Training data
GROBID-Dictionaries's the training data is encoded following the TEI P5. See the annotation guidelines page for detailed explanations and examples concerning the best practices fro annotating the data.
Generation of training data
Make sure that the current directory is grobid-dictionaries:
> cd PATH-TO-GROBID/grobid/grobid-dictionaries
For Dictionary Segmentation model:
> java -jar PATH-TO-GROBID/grobid/grobid-dictionaries/target/grobid-dictionaries-0.4.3-SNAPSHOT.one-jar.jar -dIn PATH_TO_THE_INPUT_PDF_FILE_OR_DIRECTORY -dOut PATH-TO-OUTPUT-DIRECTORY -exe createTrainingDictionarySegmentation
For Dictionary Body Segmentation model:
> java -jar PATH-TO-GROBID/grobid/grobid-dictionaries/target/grobid-dictionaries-0.4.3-SNAPSHOT.one-jar.jar -dIn PATH_TO_THE_INPUT_PDF_FILE_OR_DIRECTORY -dOut PATH-TO-OUTPUT-DIRECTORY -exe createTrainingDictionaryBodySegmentation
For Lexical Entry model:
> java -jar PATH-TO-GROBID/grobid/grobid-dictionaries/target/grobid-dictionaries-0.4.3-SNAPSHOT.one-jar.jar -dIn PATH_TO_THE_INPUT_PDF_FILE_OR_DIRECTORY -dOut PATH-TO-OUTPUT-DIRECTORY -exe createTrainingLexicalEntry
For Form model:
> java -jar PATH-TO-GROBID/grobid/grobid-dictionaries/target/grobid-dictionaries-0.4.3-SNAPSHOT.one-jar.jar -dIn PATH_TO_THE_INPUT_PDF_FILE_OR_DIRECTORY -dOut PATH-TO-OUTPUT-DIRECTORY -exe createTrainingForm
For Sense model:
> java -jar PATH-TO-GROBID/grobid/grobid-dictionaries/target/grobid-dictionaries-0.4.3-SNAPSHOT.one-jar.jar -dIn PATH_TO_THE_INPUT_PDF_FILE_OR_DIRECTORY -dOut PATH-TO-OUTPUT-DIRECTORY -exe createTrainingSense
For EtymQuote model:
> java -jar PATH-TO-GROBID/grobid/grobid-dictionaries/target/grobid-dictionaries-0.4.3-SNAPSHOT.one-jar.jar -dIn PATH_TO_THE_INPUT_PDF_FILE_OR_DIRECTORY -dOut PATH-TO-OUTPUT-DIRECTORY -exe createTrainingEtymQuote
For Etym model:
> java -jar PATH-TO-GROBID/grobid/grobid-dictionaries/target/grobid-dictionaries-0.4.3-SNAPSHOT.one-jar.jar -dIn PATH_TO_THE_INPUT_PDF_FILE_OR_DIRECTORY -dOut PATH-TO-OUTPUT-DIRECTORY -exe createTrainingEtym
The above commands create training data to be annotated from scratch (files ending with tei.xml).
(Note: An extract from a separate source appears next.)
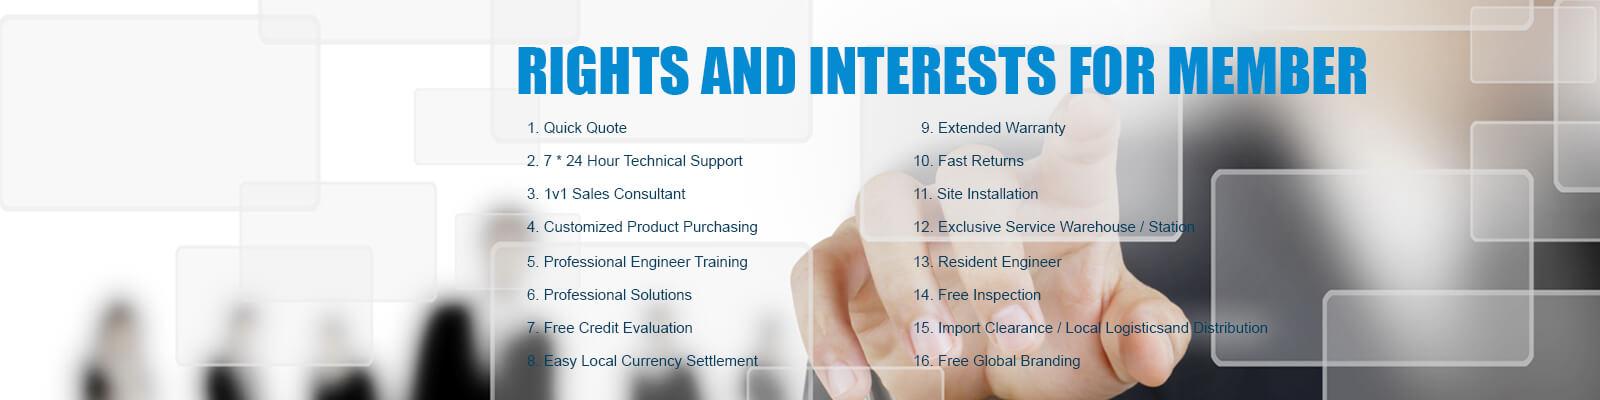 Membership rights

It is possible also to generate pre-annotations using the current model, to be corrected afterwards (this mode is recommended when the model to be trained is becoming more precise). To do so, the latest token of the above commands should include Annotated. For example: createTrainingDictionarySegmentation -> createAnnotatedTrainingDictionarySegmentation
The execution of any of the previous commands result in the generation of 5 files:
- inputFile .rawtxt: contains the raw text extracted from a the input file (not used for training)
- inputFile .tei.xml: contains gold standard segmentation of the input file (crucial for the training)
- inputFile .modelname: contains features corresponding to each line/token in the input file (crucial for the training). The beginning of each line in the feature matrix should be synchronised with each line/token in the tei.xml
- modelname .css: a stylesheet for a better rendering of .tei.xml elements in Oxygen's author mode (useful for annotation)
- modelname .rng: an xml syntax descriptor for a element suggestion applied to .tei.xml elements in Oxygen's author mode (useful for annotation)
The generated files should be included in the training dataset while the architecture of directories and files in the toy data directory is respected.